Entre solidarité et méfiance, le coeur des Colombiens balance. Si les gestes de solidarité des Colombiens ont été largement exposés sur les réseaux sociaux – comme cette photo d’un garde colombien et d’un Vénézuélien s’enlaçant – d’autres regrettent la venue de leurs voisins. «Ces Chavistes qui se plaignent parce qu’on ne les laisse pas entrer à Cúcuta, qu’ils demandent leur nourriture à Maduro», lance Ana Patricia. Elle reproche aux Vénézuéliens d’avoir vidé les rayons des supermarchés alentour. En effet, les stocks de sucre, de farines, de graines et d’huile ont été épuisés après le week-end dernier.

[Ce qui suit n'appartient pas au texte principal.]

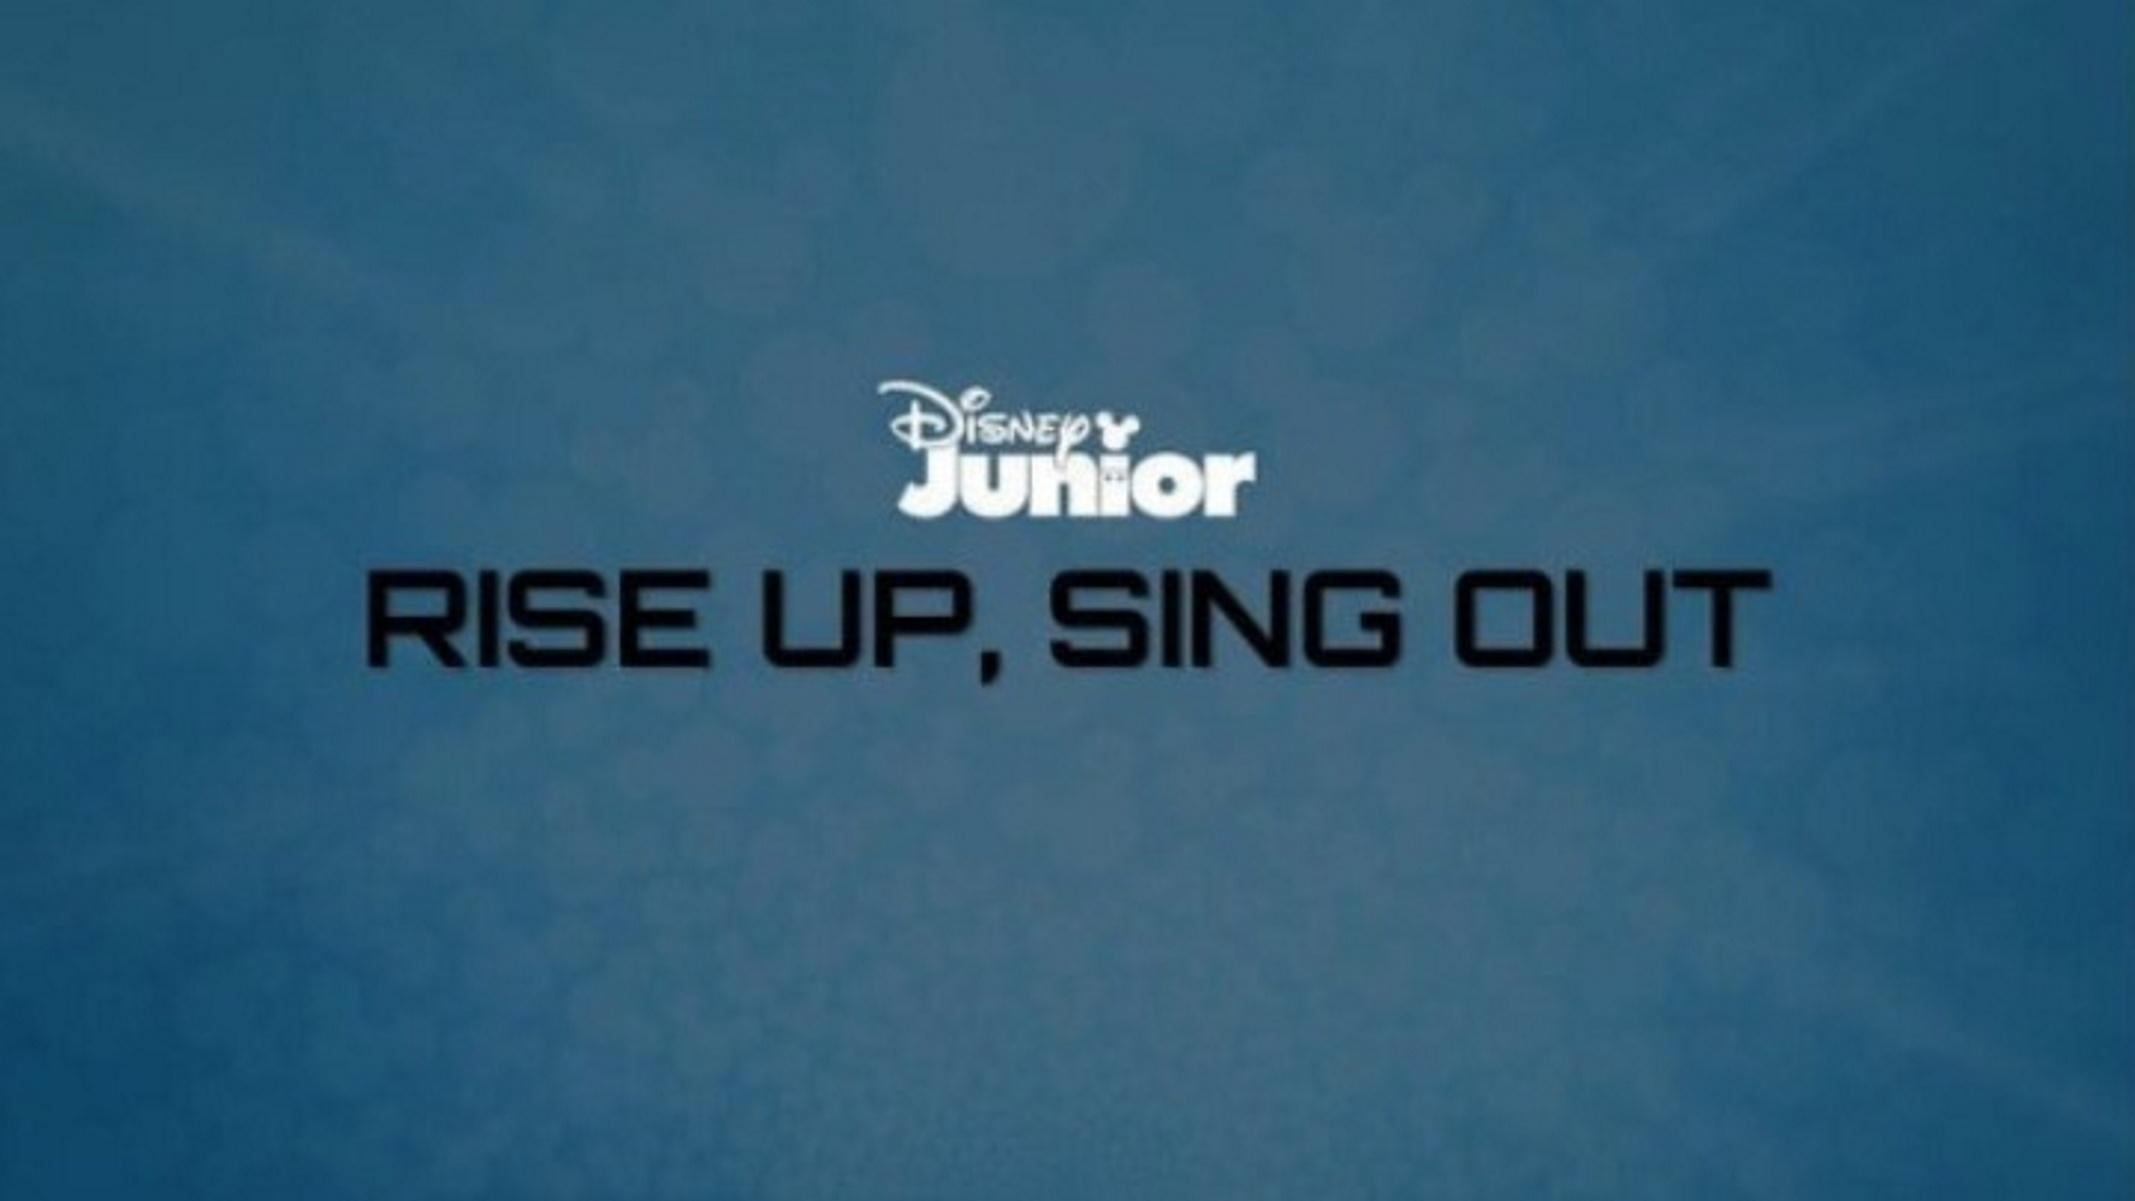 Disney Junior: Η νέα σειρά του ανοίγει την κουβέντα για τον ρατσισμό

«Cette liste, le gouvernement la connaît déjà. Nous sommes confiants quant au fait que ces produits seront de nouveau dans nos inventaires avant la fin de la journée», assurait lundi la directrice de la Fédération Nationale des Commerçants, Gladys Navarro. Selon les autorités, il y en avait déjà très peu avant le passage des Vénézuéliens, à cause de la grève des routiers qui se prolonge depuis plus de quarante jours, et qui empêche le réapprovisionnement de la ville. Et avec la pénurie qui contamine les villes frontalières en Colombie, les prix augmentent. D’après La Opinión, un journal local, «les fruits, les légumes et d’autres aliments de base voient leurs prix augmenter à Cúcuta à cause de la grève nationale des routiers.» Entre cette grève qui n’en finit pas et la venue massive des Vénézuéliens, la Colombie semble inquiète de voir la pénurie, comme la peste, se propager au-delà de sa frontière.